Las Vegas Sun

April 25, 2024

Columnist Jeff German: Culinary reaching for Arnold’s star power

Culinary Union leaders acknowledge it's going to be a long shot to get Arnold Schwarzenegger to take the side of the Aladdin workers looking for a collective bargaining agreement.

"Maybe a miracle will happen," says Glen Arnodo, the union's political director.

And maybe porn king Larry Flynt will also out-poll Schwarzenegger in California's Oct. 7 recall election.

Arnodo says a small group of Aladdin workers -- a cook, two food servers, a housekeeper and a porter, all of whom are immigrants like Schwarzenegger -- will travel to Santa Monica on Wednesday to seek Schwarzenegger's help during a demonstration outside the Hollywood star's production company.

Schwarzenegger is being singled out because of his ties to Planet Hollywood, which is resisting the union's organizing campaign as it prepares to take over the bankrupt Aladdin.

The "Terminator" sold his interests in the international restaurant chain in 2000, but still has an agreement, like 30 other stars, to let the company use his name in association with Planet Hollywood around the world.

"With one phone call, he can probably get Planet Hollywood to end this war at the Aladdin," Arnodo says without breaking into a laugh. "Schwarzenegger is the biggest celebrity they've got."

Which brings us to the real reason why the Culinary Union is trying to drag Schwarzenegger into the fray.

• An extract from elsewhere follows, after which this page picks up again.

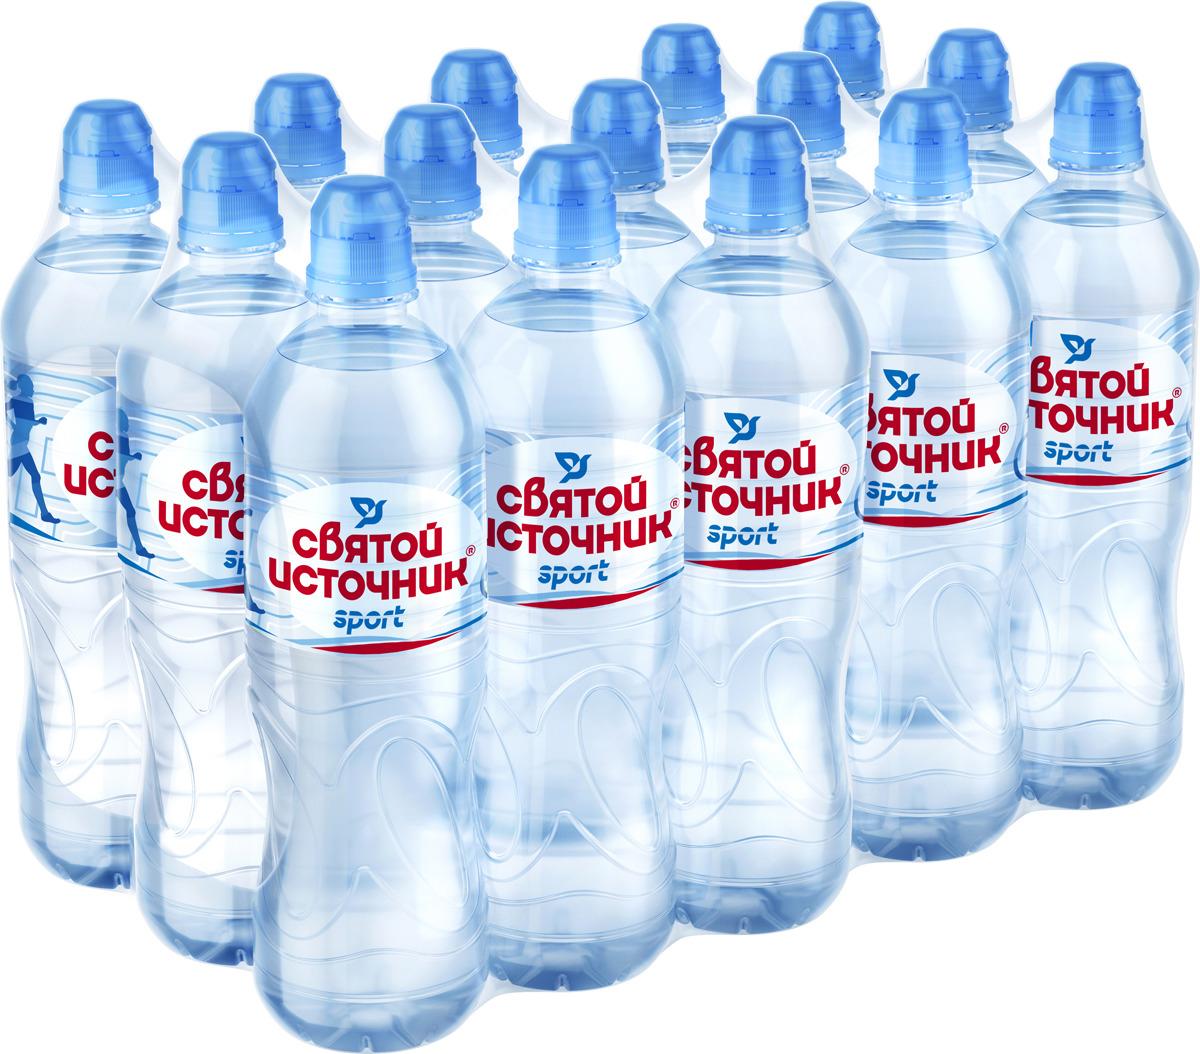 СвятойИсточник вода Спортприродная питьевая негазированная, 15 шт по 0,75 л

It's not to see whether the conservative has a bleeding heart, but rather to try to latch onto the storm of publicity surrounding his Republican candidacy in the California recall election and attract national attention to the Planet Hollywood fight.

It is nothing but a classic union publicity stunt aimed at pressuring Planet Hollywood CEO Robert Earl to see things the union's way at the Aladdin.

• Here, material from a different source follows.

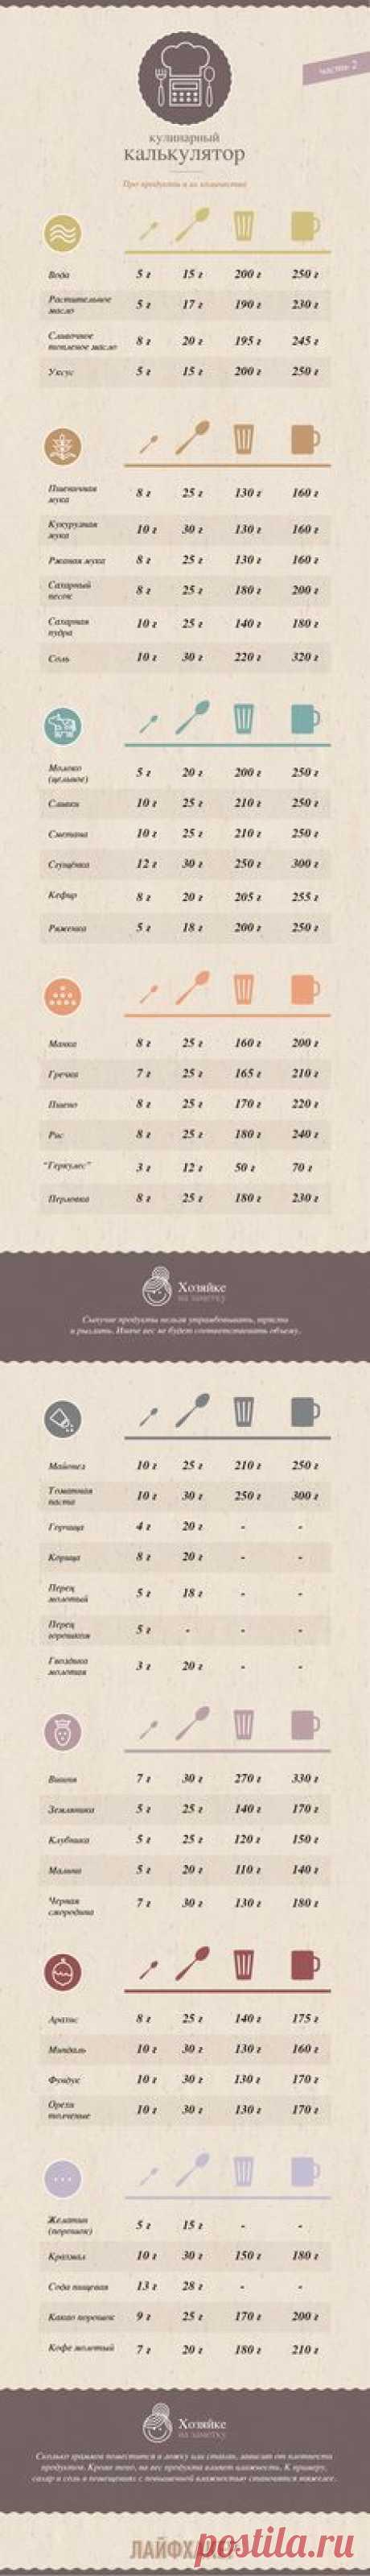 ИНФОГРАФИКА: Кулинарный калькулятор. Часть 2 - Лайфхакер

The union hasn't even made a solid effort to reach Schwarzenegger before traveling to California this week because it probably already knows that it's not going to get any help from him.

The California Labor Federation, the largest labor organization in the state with some 2 million members, has endorsed Democratic Lt. Gov. Cruz Bustamante in the race. Even the Culinary's sister hotel workers union in California is backing Bustamante.

On top of that, Schwarzenegger has been critical of California's fast-growing casino industry, primarily run by Indian tribes, for not paying its fair share of taxes to the state's broken economy.

In Nevada, you'll recall, the Culinary Union aligned itself with the casino industry's ill-fated push to spread the state's tax burden to other businesses.

So Schwarzenegger isn't even a natural political ally of the Culinary Union.

But he's a perfect mark to gain national exposure in the union's fight with Planet Hollywood -- if the media in Hollywood takes the bait.